Jimmy, a weak man scared, kicked over a chair.
“No,
goddammit,
no!”

Vangie sighed, got to her feet, went to him. She put her arms around his neck, her face close to his. “Jimmy-honey, listen
to me! You
know
we have to—”

He shook her off angrily.

“All I know is that I lose the bonds, I lose you!”

“Maybe, maybe not—but you won’t lose your life.”

“According to Dain.”

Vangie controlled her anger. “
Not
just according to Dain. You know what Maxton is capable of—”

“I never knew Maxton as intimately as you did.” He had worked himself up into a fine, nasty, self-justifying anger. “You’ll
end right side up, though—or should I say backside up?
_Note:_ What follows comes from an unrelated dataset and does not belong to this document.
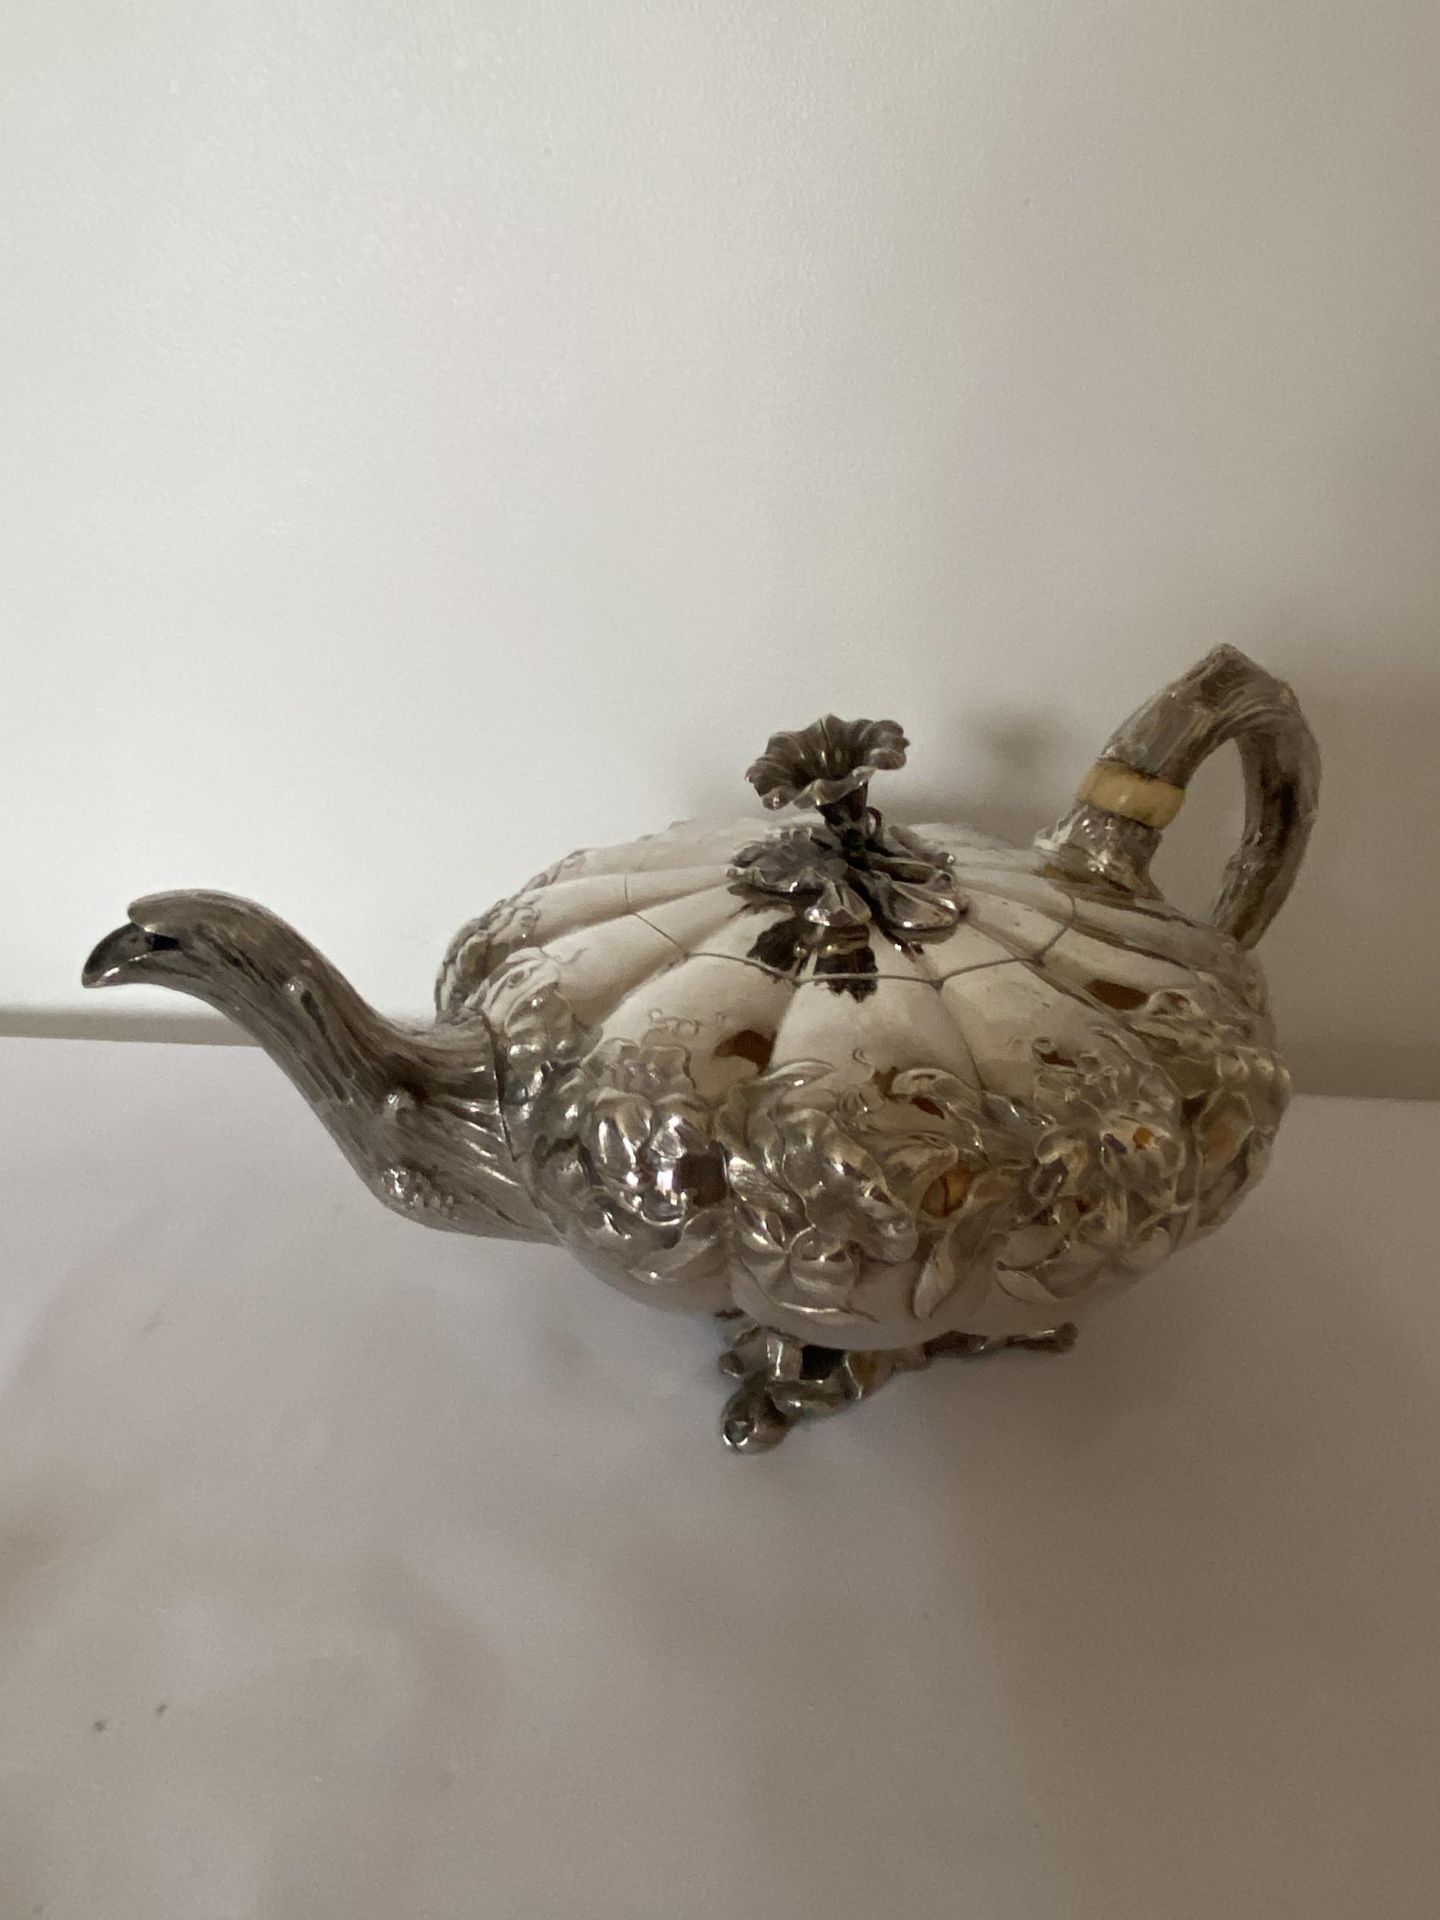 A VICTORIAN 1840 HALLMARKED LONDON SILVER TEAPOT, MAKER WC, POSSIBLY WILLIAM CHANDLESS, GROSS WEIGHT - Image 6 of 21

I bet you slept with Dain this afternoon and made plans to—”

“Jimmy, I have to go to work. I get paid tonight, we need the money. We’ll talk about it when I get home, okay?” Zimmer was
petulantly silent, refusing to meet her eyes.

“At least
think
about giving them back. And
please
let’s get another room like he suggested.”

Zimmer replied in his childishly defiant way, “I’ll do whatever the fuck I please.”

At Carnal Knowledge, the musicians were just arriving, having a drink, looking to their instruments. A few local guys on their
way home after work were having a quiet beer before the entertainment drove the prices out of reach. Two bulky men, Nicky
and Trask, entered like matched, mobile, very heavy bookends. They moved in on the bartender in unison.